Take nothing but the lines from the one with "Rocco luxury patchwork" through the one with "How to Determine" in the entries below, both ends kept, and return them exactly with pictures left out.

_Input for this task_:
- - - -
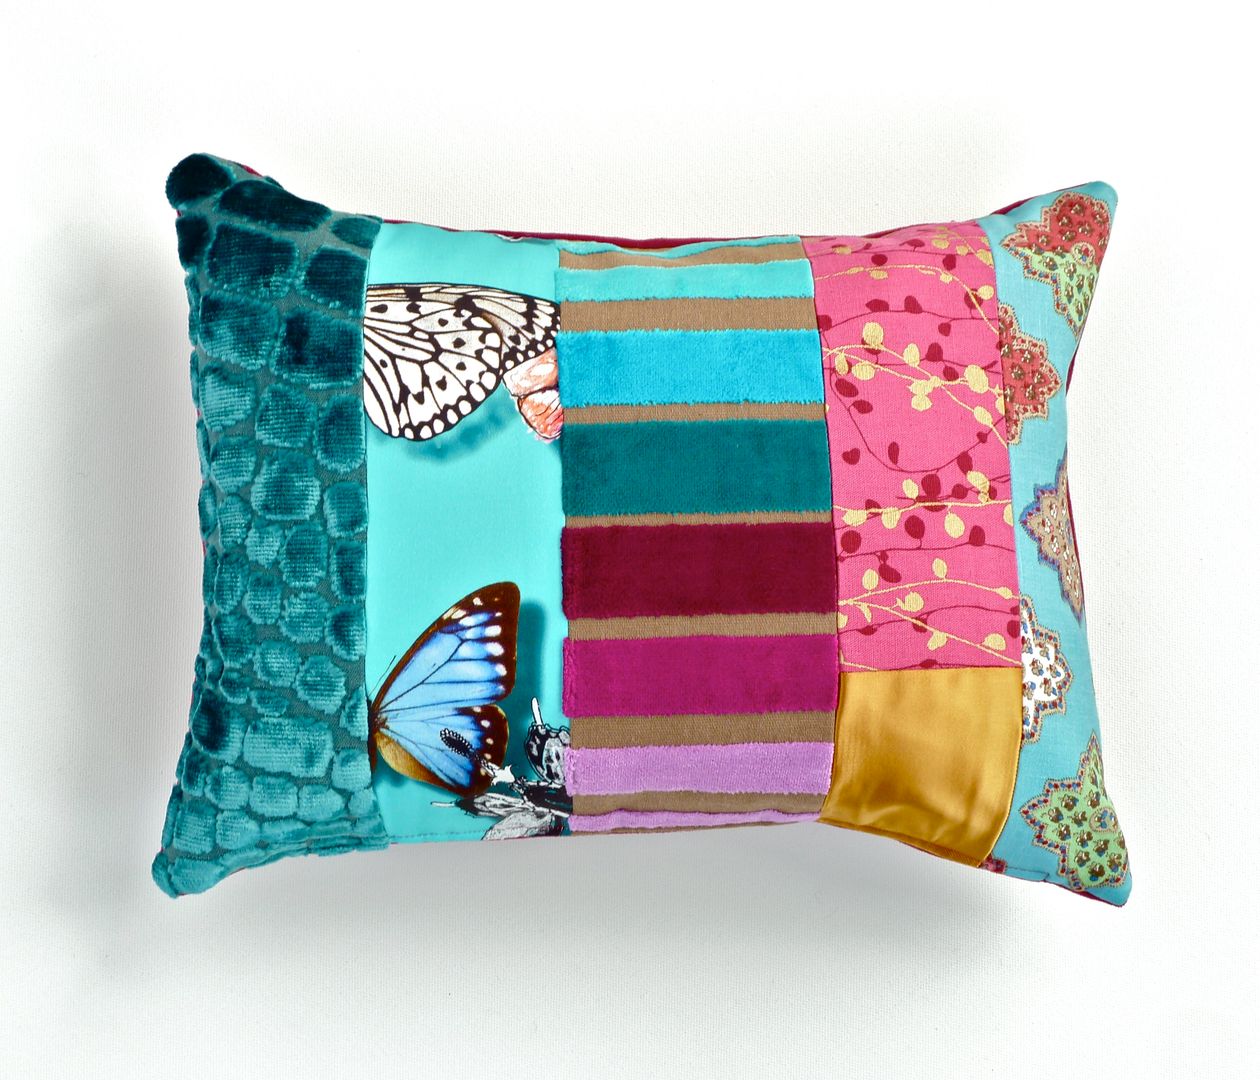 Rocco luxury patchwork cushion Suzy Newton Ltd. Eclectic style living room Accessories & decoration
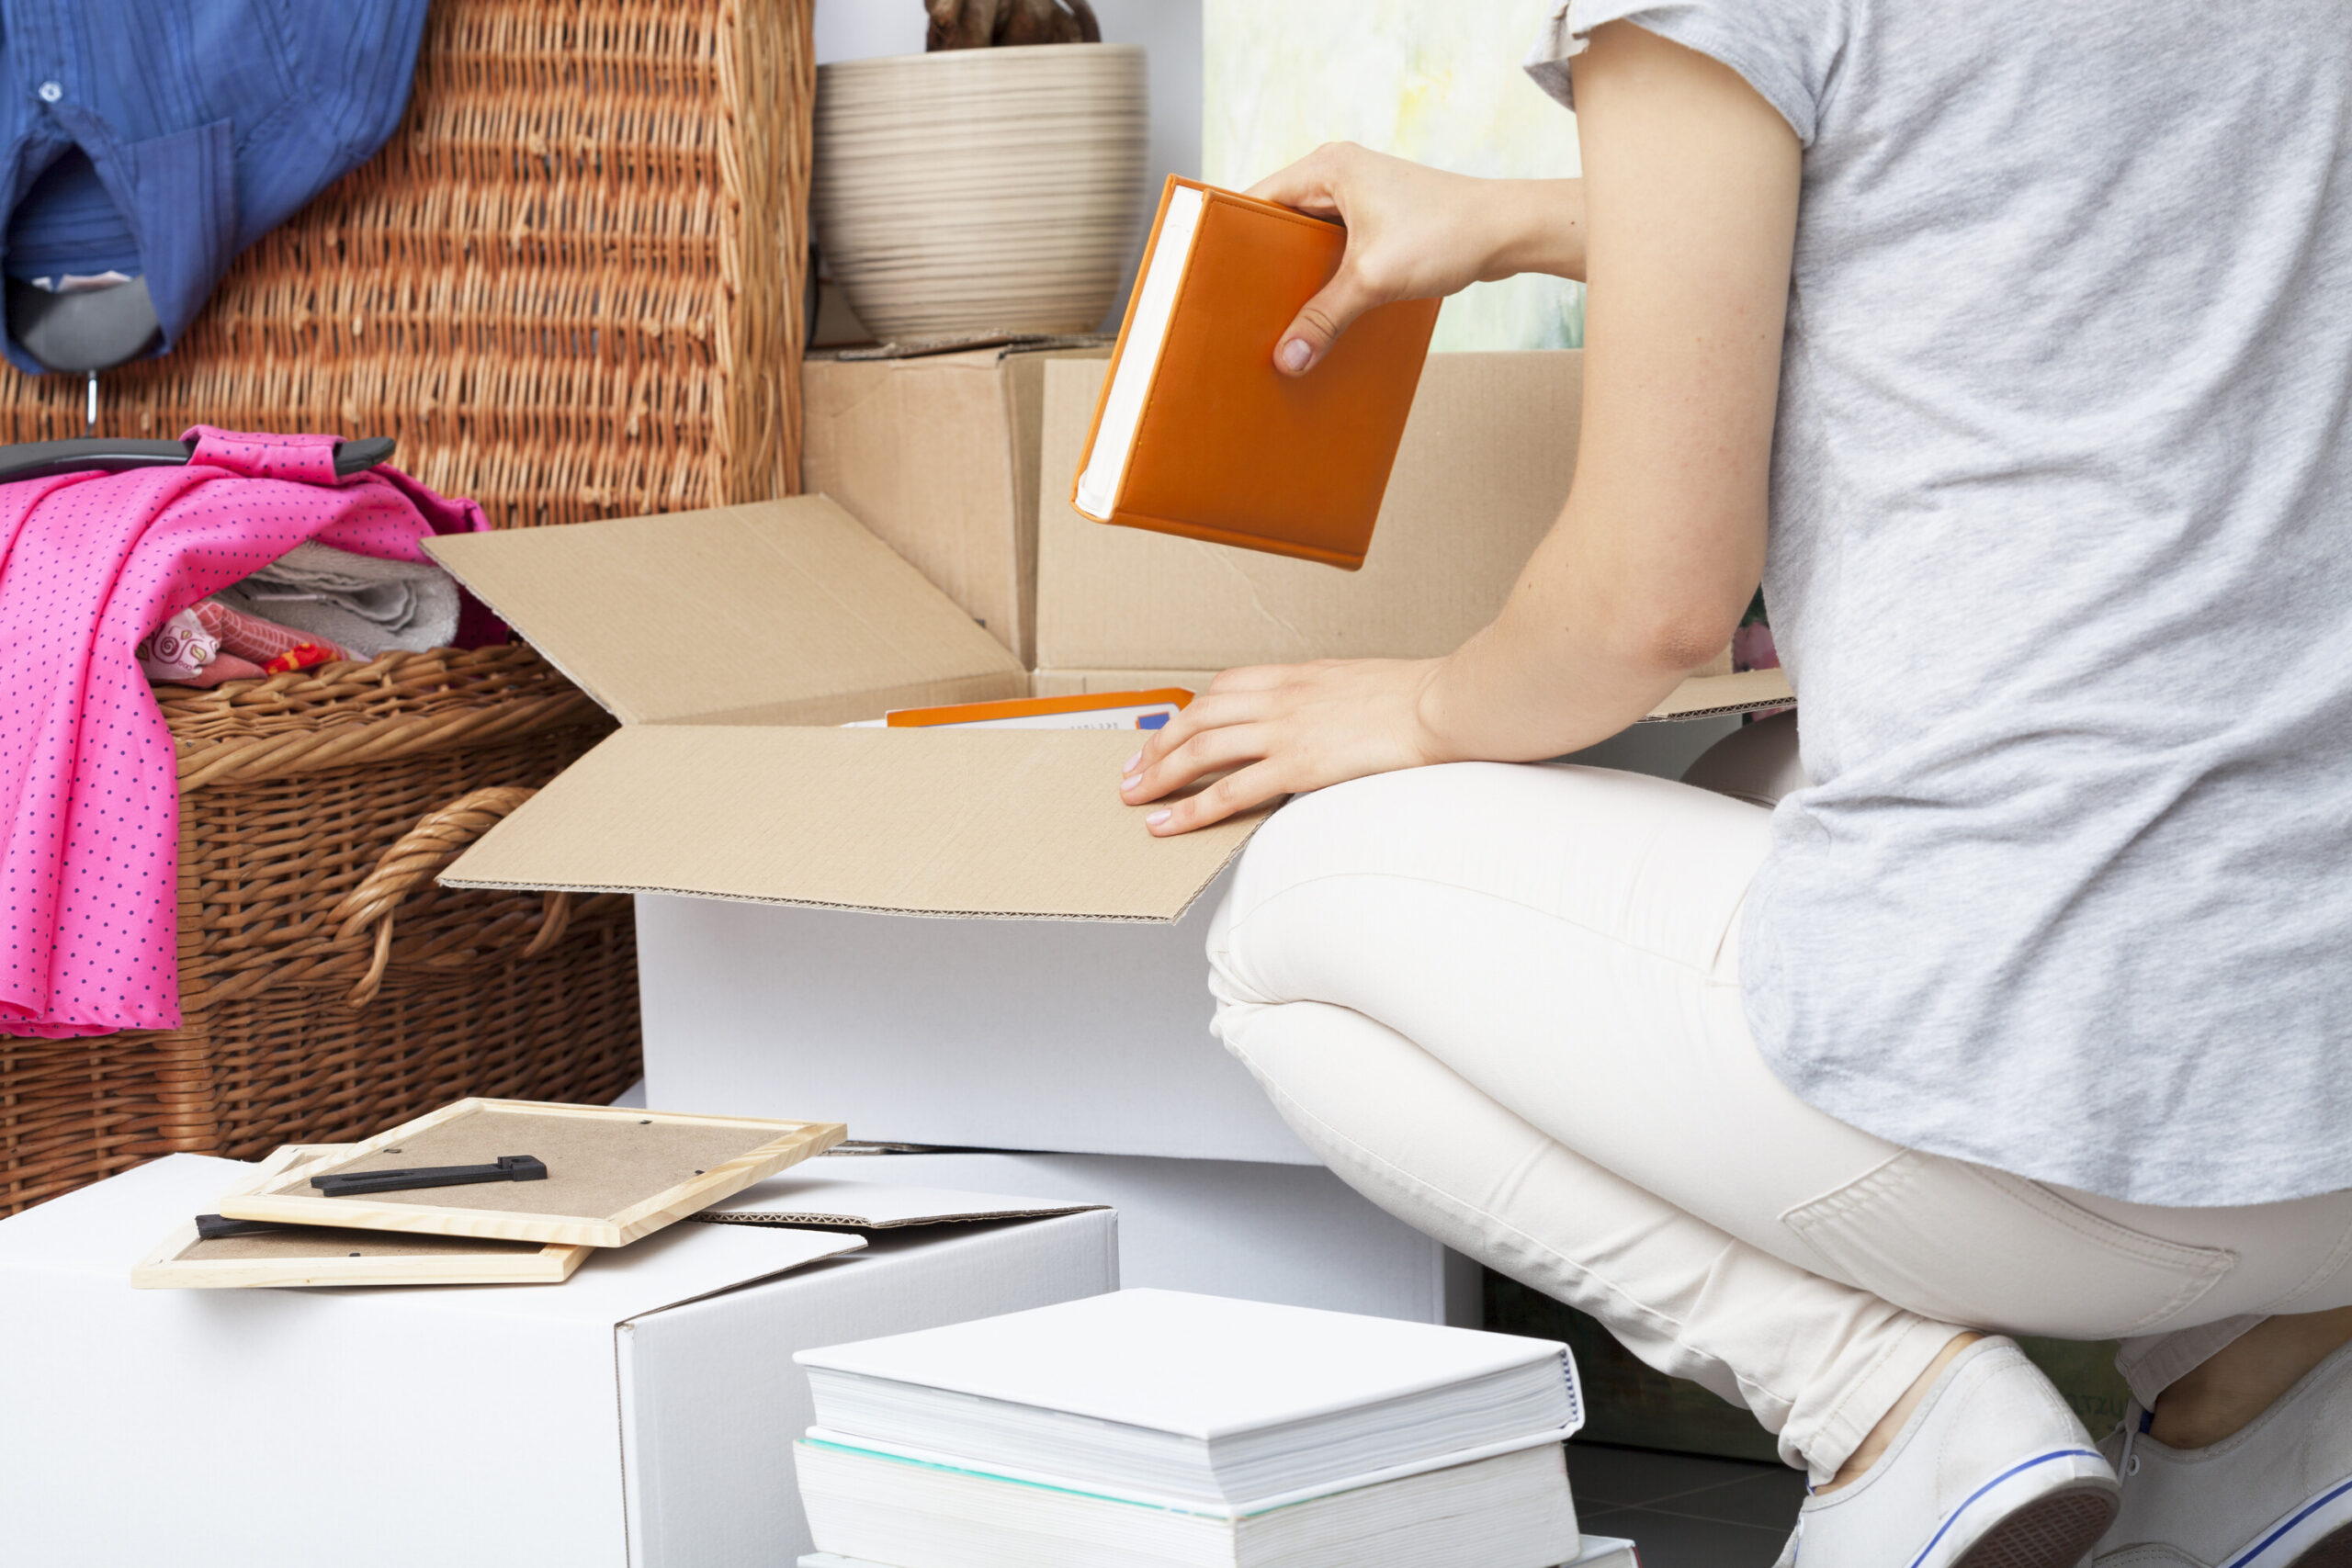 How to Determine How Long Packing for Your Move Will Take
- - - -
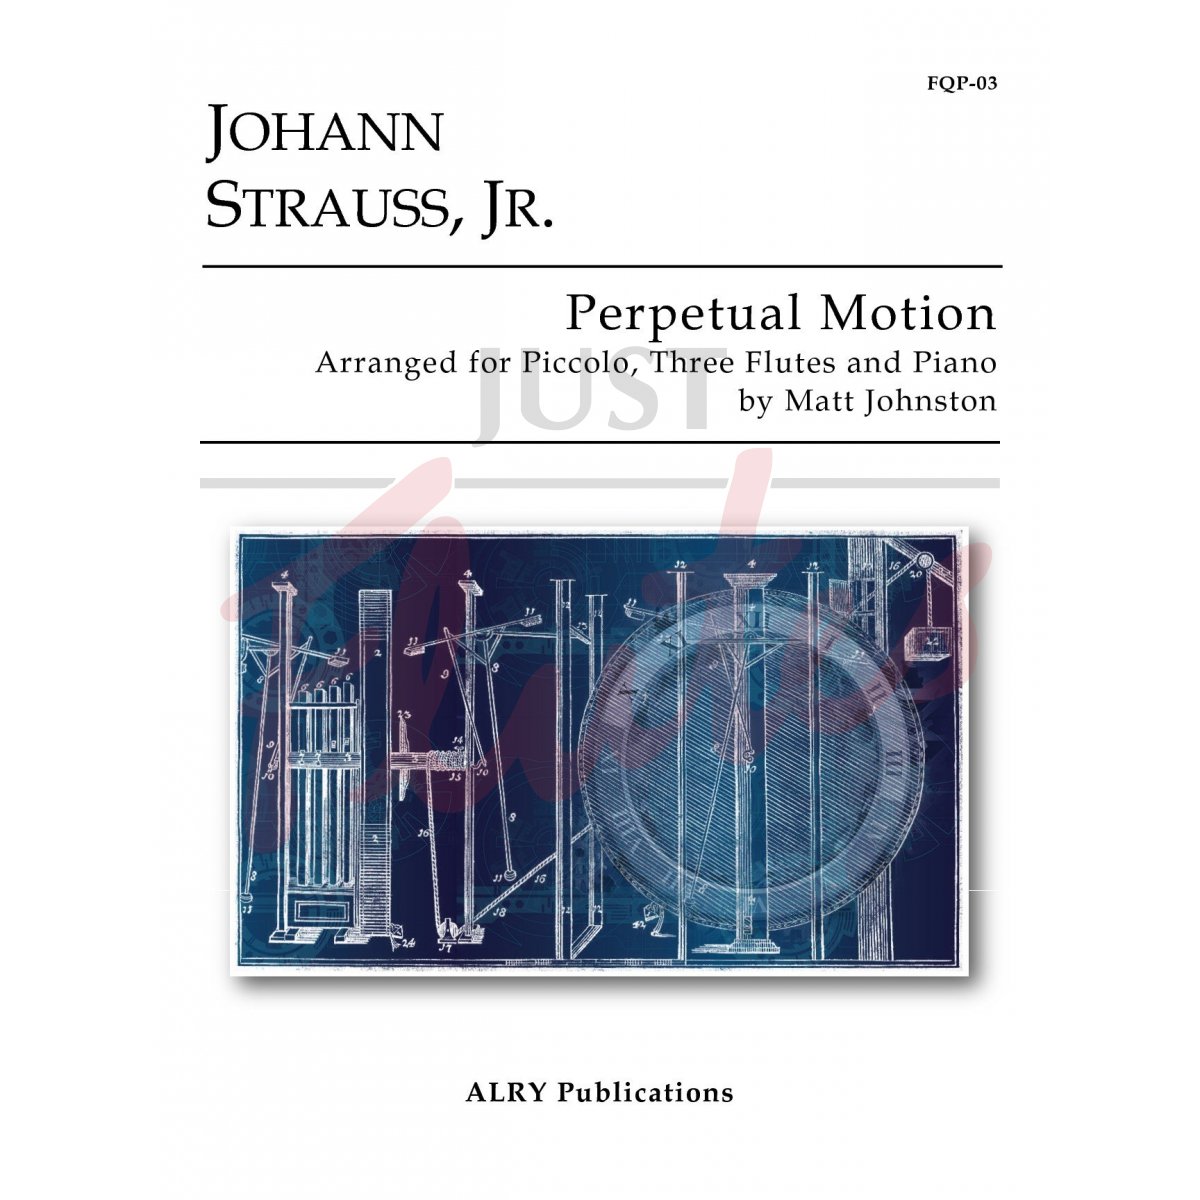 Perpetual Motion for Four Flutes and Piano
- - - -
_Task answer_:
 Rocco luxury patchwork cushion Suzy Newton Ltd. Eclectic style living room Accessories & decoration
 How to Determine How Long Packing for Your Move Will Take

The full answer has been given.